Structural Glazing Tapes: Foam Adhesives for Construction ApplicationsJune 17, 2019
Structural glazing tapes are expected to exhibit multiple features. If that weren’t the case, they wouldn’t be earmarked for fragile glass pane applications. The foam adhesive might cancel the wind tunnel effect in an air conditioning duct, but it would be of no use to a glazer. No, glazing tapes counter high winds and leakage currents. Viscoelastic and foamy, the material layers are optimally designed to suit tough construction applications.
Earmarked For Challenging Construction Applications
Structural glazing tapes perform as multi-faceted sealing solutions. On the glass side, the viscous adhesive grips the slick surfaces of a flat glass pane. Conforming to this hard-to-glue surface, the weatherproof material holds firm, no matter the climate. Ultraviolet rays can’t weaken the bond, nor cans a dry wind or a soaking wet shower. What if a layer of ice contracts the adhesive bond or the tape backing? No worries, structural glazing tapes are designed to shrug off the effects of the elements, even when those exterior forces strike with storm force power. Down inside the sill framing, a similar degree of sealing coherence is made manifest by the foam adhesive layer.

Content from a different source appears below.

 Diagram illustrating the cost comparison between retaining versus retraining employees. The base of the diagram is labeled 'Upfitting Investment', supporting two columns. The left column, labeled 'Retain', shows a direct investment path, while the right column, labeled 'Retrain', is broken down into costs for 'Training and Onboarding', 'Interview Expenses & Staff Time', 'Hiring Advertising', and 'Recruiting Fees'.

A Best of Both Worlds Foam Adhesive
Sealing glass panes against the elements, the first half of a structural glazing tape’s duties are implemented. The job’s not finished just yet, though. The foamy lining also has to perform as a sort of spacer material. It fills the sill frame and compresses while exhibiting its viscoelastic elongation properties. And, because a window frame doesn’t have to be made of metal or painted wood, the foam-based adhesive running along the surface of a roll of glazing tape must be bond-flexible. Metal window frames or wood, vinyl or exotic composite, the sill must adhere to the construction medium. That feature also applies to the underlying structural wall. If the edges surrounding a window frame are made of masonry bricks or concrete, the structural glazing tape better should bond to those coarser structural mediums, too.

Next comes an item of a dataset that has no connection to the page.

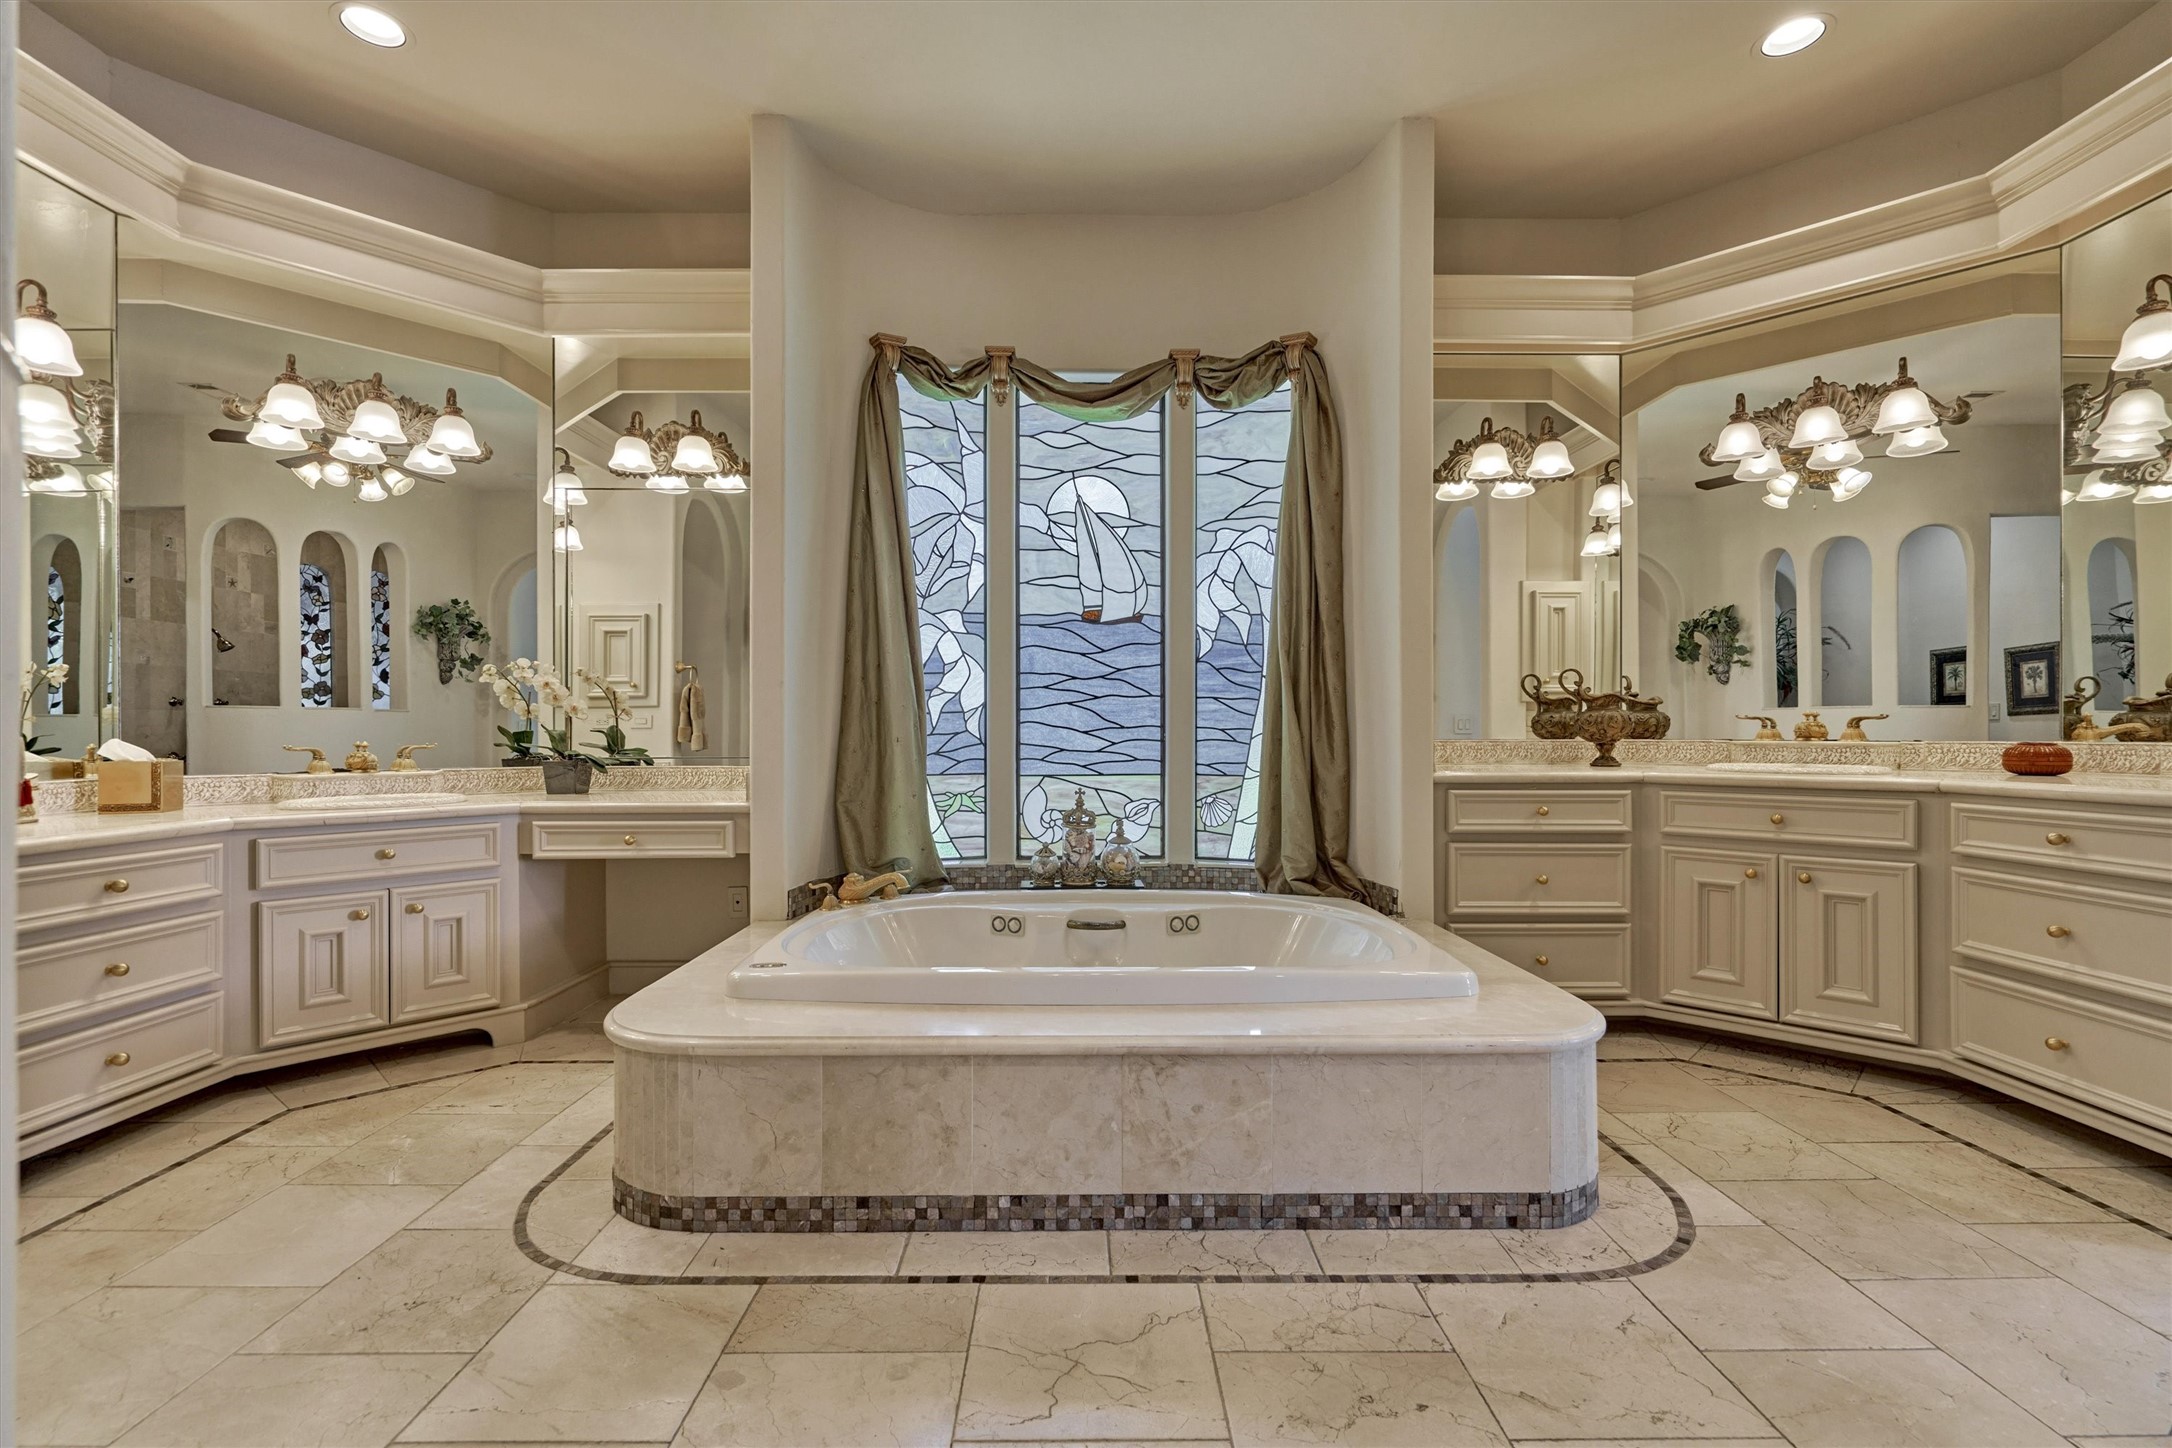 Master Bath Jacuzzi Tub for 2 & Stained Glass Window

Few adhesive rolls can boast as many multipurpose bonding characteristics. On the one hand, the foam adhesive seals fine glass surfaces and prevents wind or water leaks. It also rejects the impact of UV rays and temperature-based expansion/contraction effects. Inside, the foamy bonding agent acts as a compressible spacer. It’ll conform to the unique shape of different sill profiles and framing outlines. Finally, while never forgetting the tape backing is first and foremost a construction tool, flexible glazing tapes cure against coarser building surfaces. Fine painted woods bond coarse masonry bricks. On another project, super-fine glass panes adhere to vinyl casements, which in turn bond to rough-edged concrete surfaces and weatherproof outside linings.